HASTE magnified the pain of the injuries even farther, but he knew that he couldn’t afford to deactivate it. Pushing more mana into the skill, he ran as fast as he was able, vaulting down the stairs as the structure continued to twist and collapse. He had almost gotten free when the final snap occurred, and the entire fabricated base fell on its side in a massive explosion of dust and concrete.

The pain was excruciating as he was slammed into the torn cement, one shoulder was almost certainly dislocated and he knew he’d broken a couple of his ribs. His existence was a dull ache with searing daggers punching into him, but he was alive. He was alive. Kyle couldn’t help but smile, despite the pain. He had actually done it. He was a bloody, damaged mess, but he’d managed to pull through in the end.

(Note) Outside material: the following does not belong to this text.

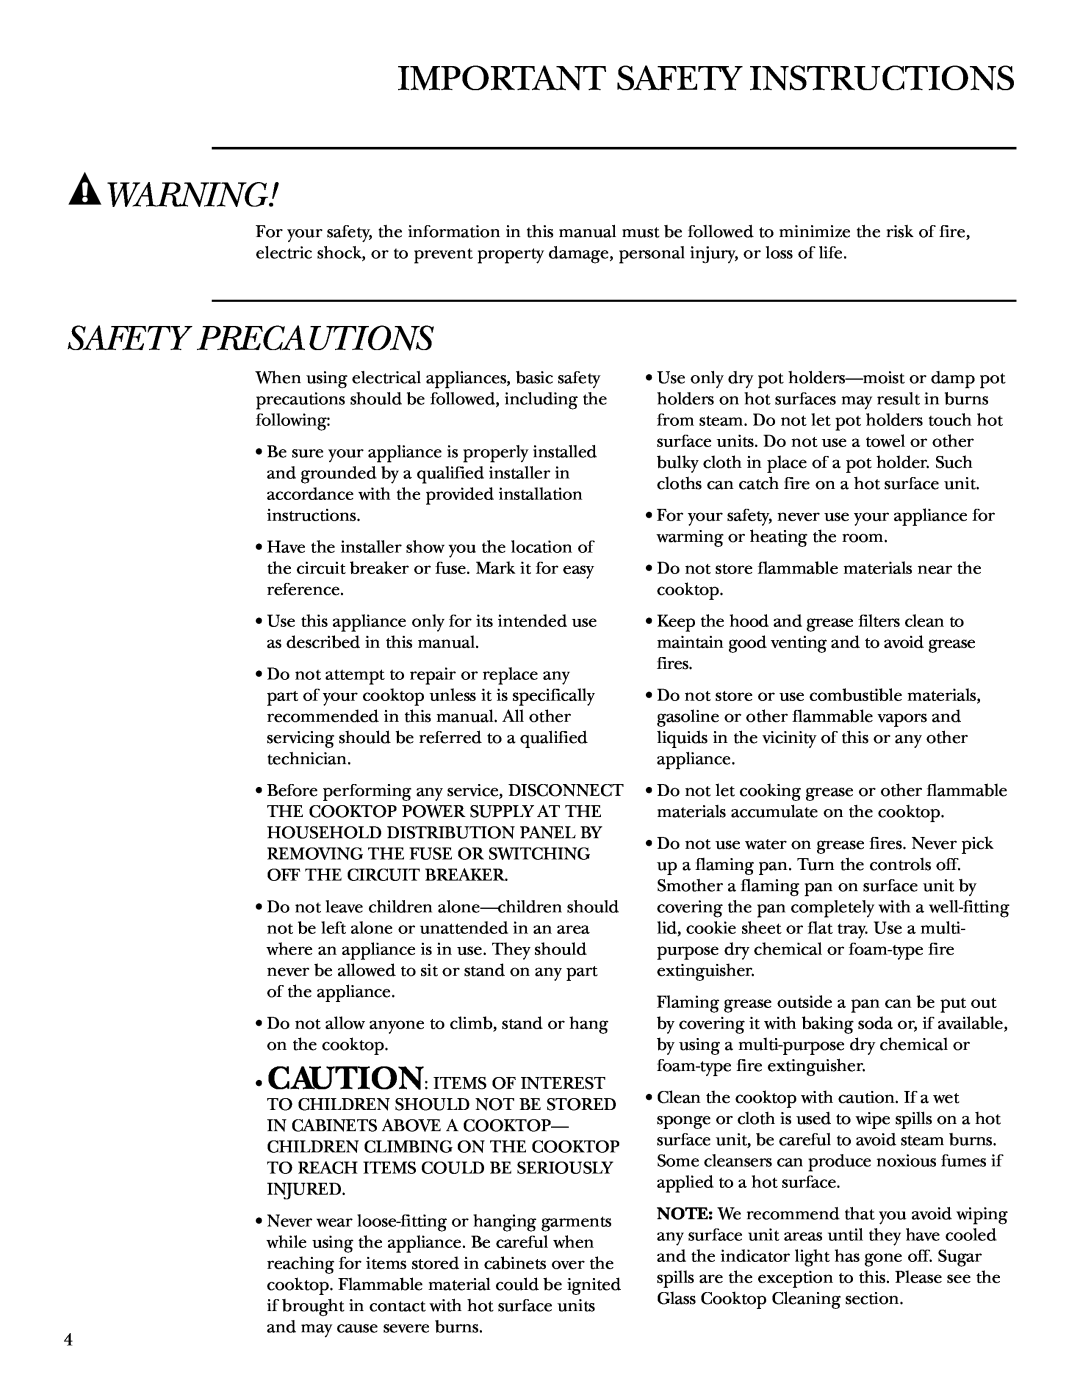 GE ZEU769 owner manual Important Safety Instructions, Safety Precautions

A faint buzzing sound snapped Kyle out of his moment of elation, and he focused on the fly as it slowly descended.

It clearly wasn’t designed for agile aerial maneuvers as it wobbled during its descent. Kyle suspected that similar to the beetles it was leading, the mutated growth prevented it from being able to fly like a normal winged insect would. It was faring much better than its comrades, however, and soon it landed on the ground facing Kyle. Despite clearly not being geared for combat in the same way the beetles were, its sharp mandibles and claw-tipped legs still posed a threat. It looked to be observing him in his pathetic state, two of its legs rubbing together with what Kyle could only describe as a hunger in its red eyes.

Kyle regarded the fly, and the anger inside him flared again. Was it anger? No, it was something similar, but also fundamentally different. As the fly began to crawl towards him, Kyle put that in the back of his mind. He didn’t have the luxury of reflection, he had one more hurdle to overcome. He was shaky, his legs hurt, and his left arm was useless, at least for now. The accumulated aches and damage from the course of the day had caught up with him, and he could barely stand straight.

The fly accelerated, intending to overwhelm Kyle and take him to the ground. Kyle swayed, uneasy on his feet as the fly approached. He was tired, he was in pain, but in that moment, he had a flash of clarity. He would not die here. He heard a roar of defiance escape his lips as he pushed his HASTE skill to its apex, just as the fly lunged at him to take him down. A deep step with his left foot took him out of harm’s way and to the right of the fly’s charge, and with every scrap of energy he had left he twisted his hips and shot his right arm out in a vicious palm strike, hitting the fly with the combined momentum of their charges and the full power of HASTE behind him.

He felt the chitin crack against his palm as the insect was thrown backwards, just as he felt the bones in his right arm crack in synchrony. A blissful numb came over him as he deactivated HASTE, no longer possessing the mana control to maintain the skill. It was all he could do to keep REGENERATION active, but as he regarded the broken form of his adversary he felt an urge far stronger than the one he’d felt atop the crane arm, and he limped towards it one step at a time.

The fly was dead – no two ways about it – but something was changing in the mana that had been glowing in the abdomen. Trails of red energy flowed out of the fly’s body, coalescing into a small, red gem. Kyle lifted his broken arm towards it, enthralled. As his trembling fingers brushed it, it dissolved into a wave of energy that flowed around and into his skin. There was agony like thousands of needles digging into his skin, and then there was only dark.